The first thing you’ll notice about Gretchen am Spinnrade is how accurately Schubert manages to mimic the sound of the spinning wheel. He does this through rhythm manipulation where the right-hand plays unceasing 16th notes in 6/8 to the step of a constant left-hand staccato 3-1, 3-1, 3-1 bounce. Fantastically, even though the tempo never changes, Schubert manages to mimic the sound of the wheel speeding up and slowing down. This he does through harmonic manipulation. The more excited Gretchen gets, particularly when she’s singing about Faust, Schubert uses chromatics and non-tonal harmonies. The piece, for example, Schubert sets to D minor, the tonality in which Gretchen sings and the accompaniment plays when Gretchen is pondering her losses but not yet in the grips of despair. Particularly exciting is the passage that leads to the climax where Schubert goes from F#dim to Gmaj to Eb7 to Ab to F7 to Bb and so on until he reaches a particularly harsh fortissimo vii-I progression in A major that supports Gretchen at her loudest and most despairing.
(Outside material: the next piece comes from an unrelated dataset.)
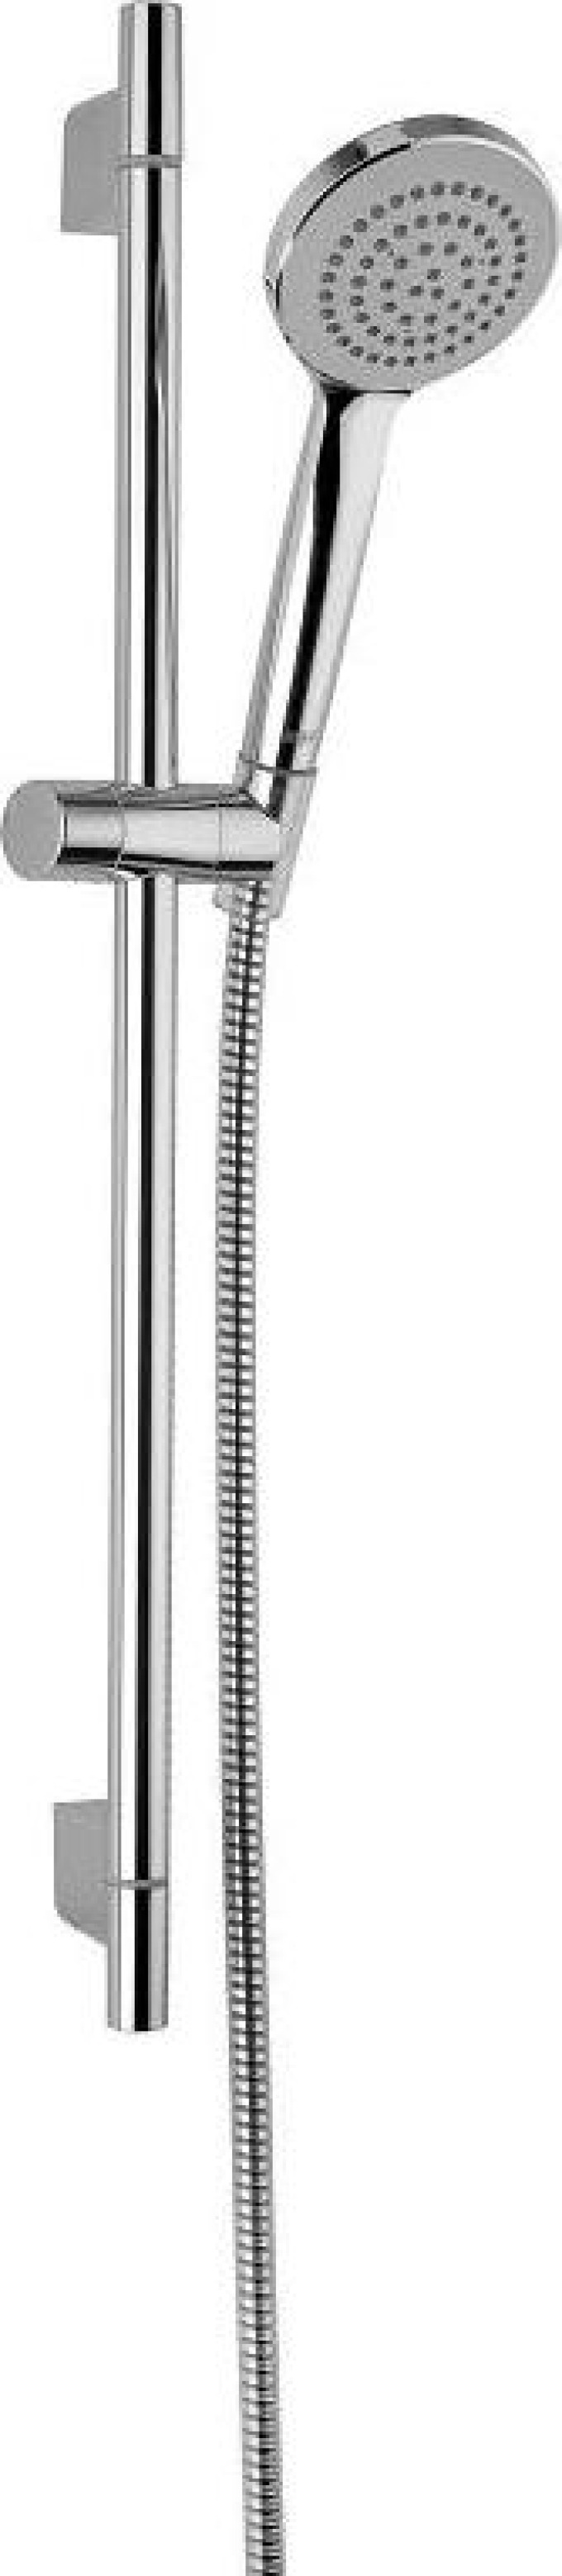 Sprchová souprava Optiline 120/600 tyč 60 cm, hadice 160 cm PM03047W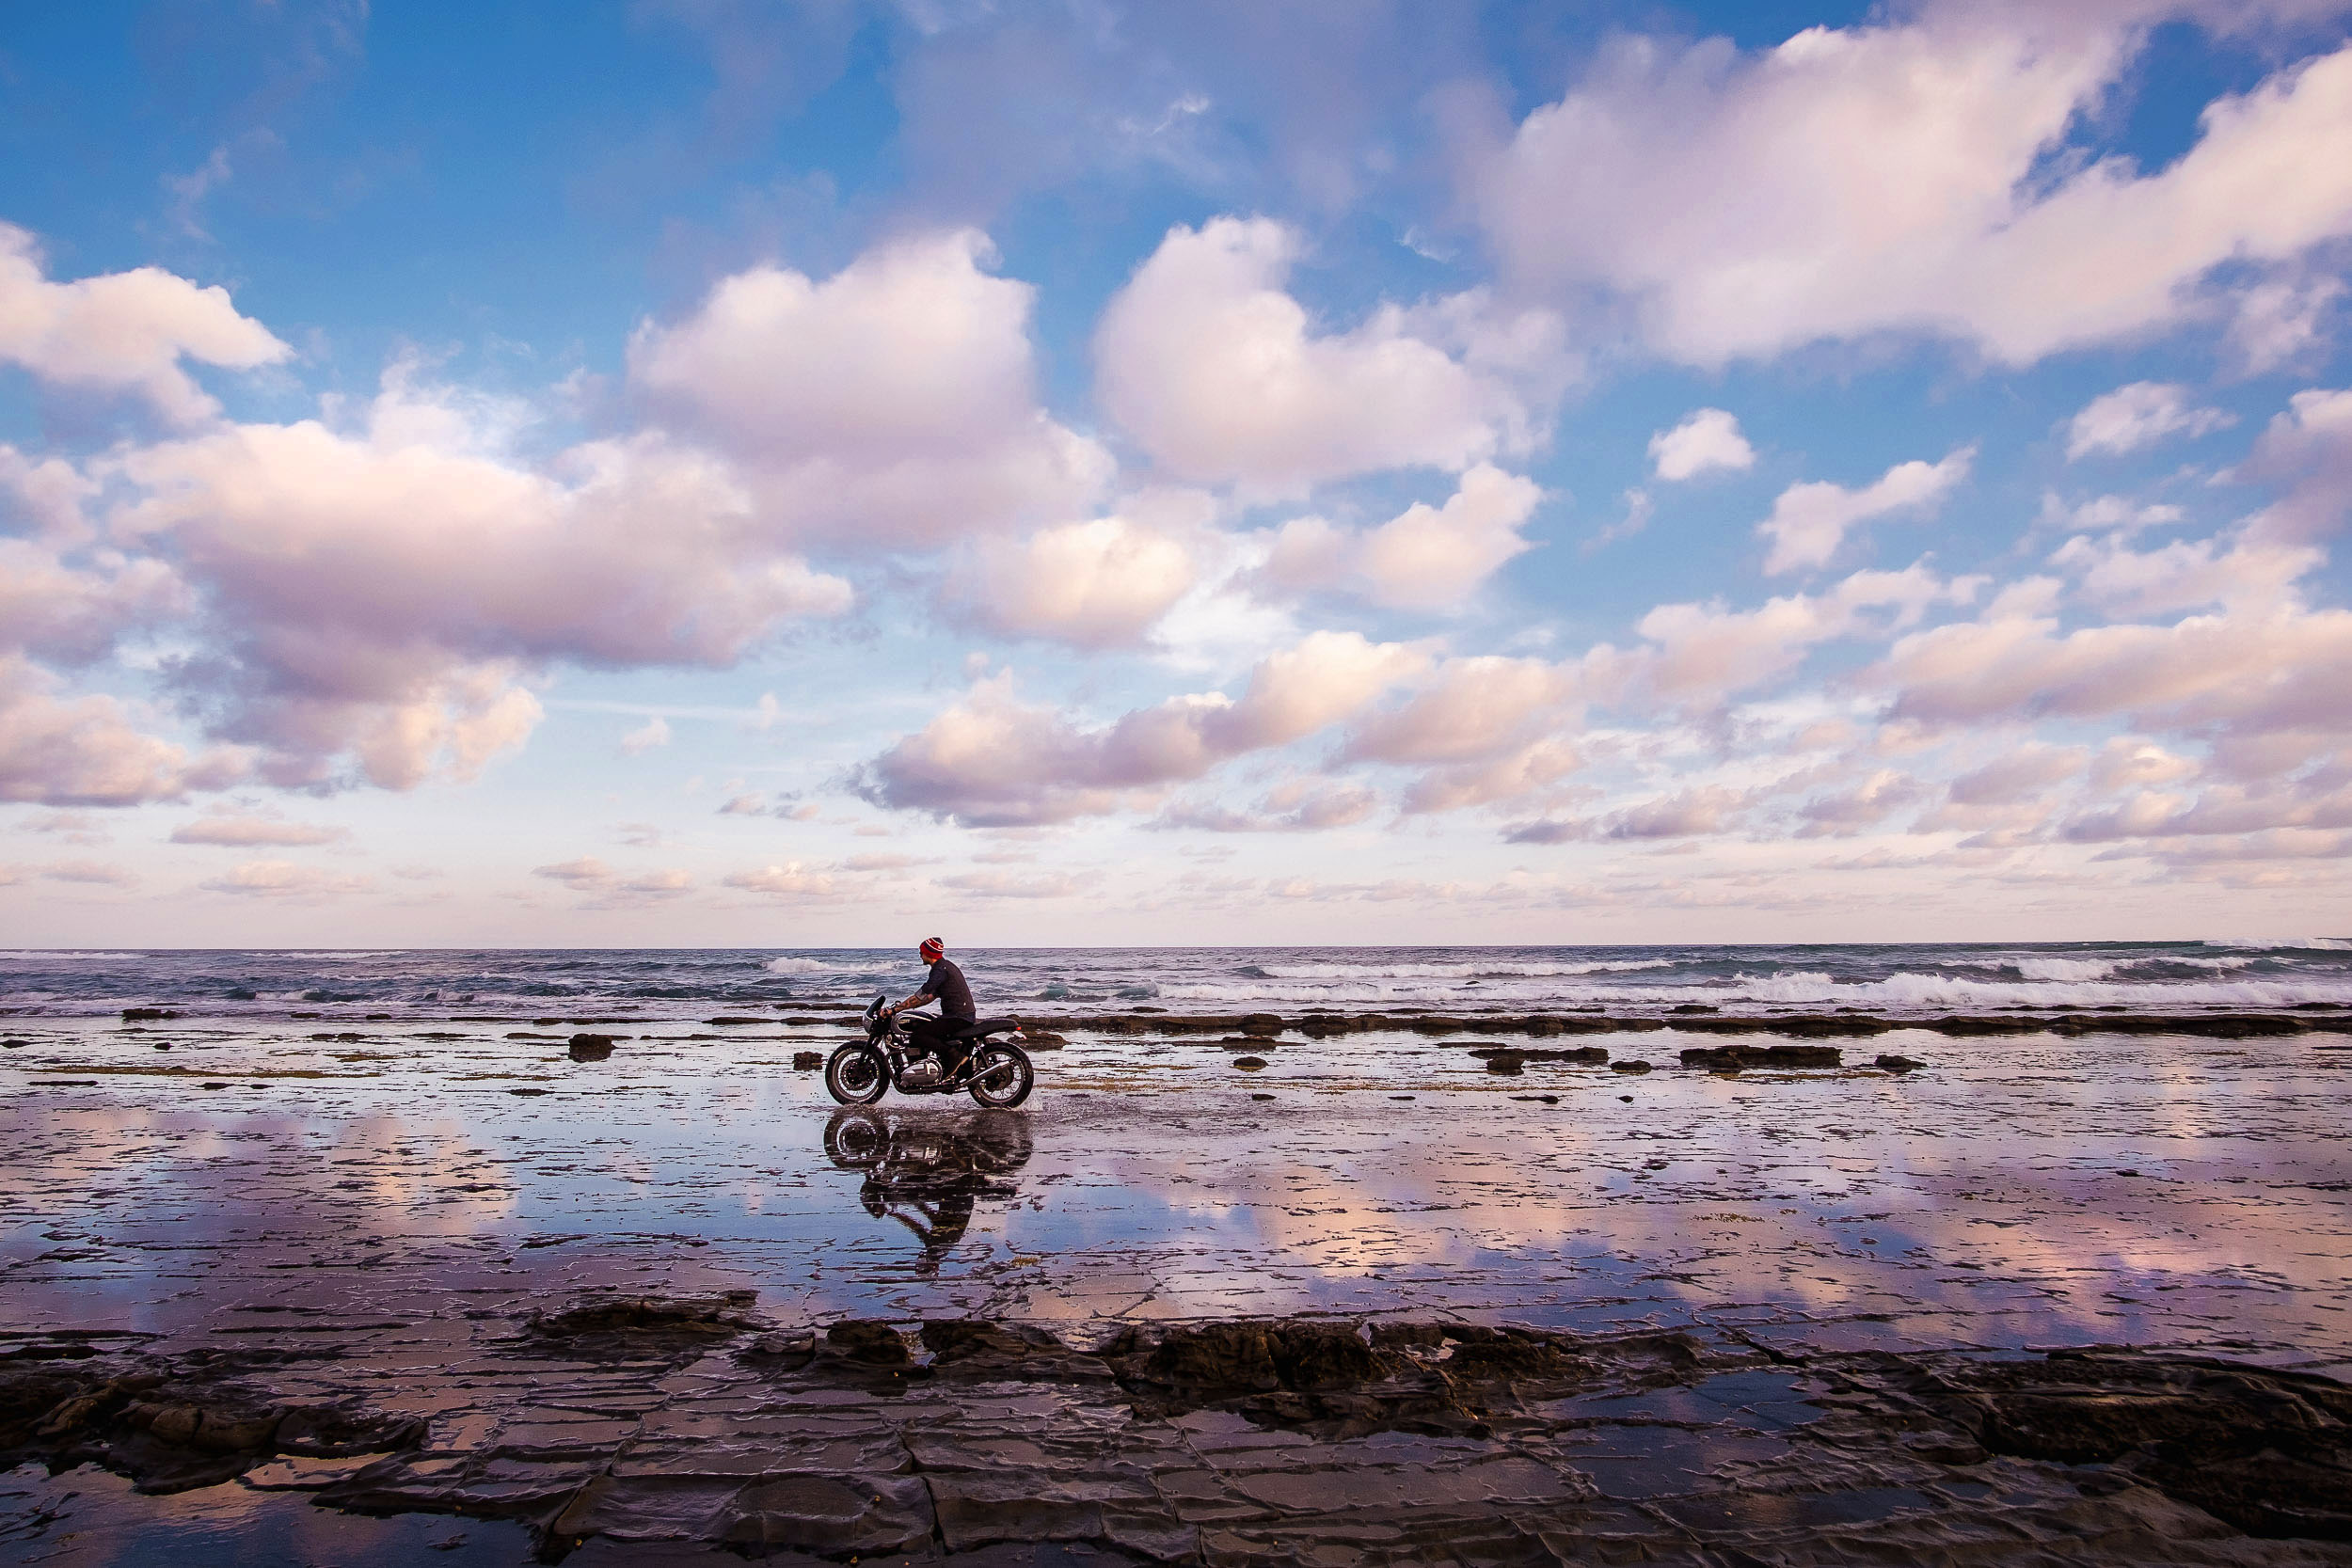 A motorcycle rider on an Aussie beach at dusk

After employing a fermata to break the piece in two, you can feel Gretchen’s exhaust. There is silence for the first time in the piece, interrupted only by a few attempts to begin spinning anew; Schubert uses the same rhythmic formula from measure one, but this time to mimic the sound of the wheel starting and stopping and starting and stopping and starting again, as if Gretchen has become so exhausted by her woe.
Nobly, Gretchen musters the energy to get the wheel turning again. A harmonic reprise of the first few stanzas is expected as Schubert begins again in D minor. Gretchen’s despair, however, is deep. Her thoughts quickly return to Faust and become violent. She yearns even more deeply for Faust, and then soars up to an A-5, the highest note in the piece, wishing for death. For his part, to really up the drama Schubert has the accompaniment go through an even more wild series of harmonic progressions during the final two stanzas. We end quietly in pianissimo with a reprise of the Lied’s first two lines, “My peace is gone/My heart is heavy”, as if Gretchen has returned to a more baseline level of grief.
Before Schubert came along serious musicians considered the Lied, while understandably popular, a genre ultimately for amateur composers. They believed that the miniature-esque nature and undisciplined formula of the Lied prevented it from ever being able to equal the symphony or the opera in weight. Schubert, however, showed the world that despite its diminished proportions the Lied could plumb the depths of Beethoveninan emotion and soar to the heights of Mozartean beauty, and Gretchen am Spinnrade was his first step along the path of elevating the Lied from amateur to high art.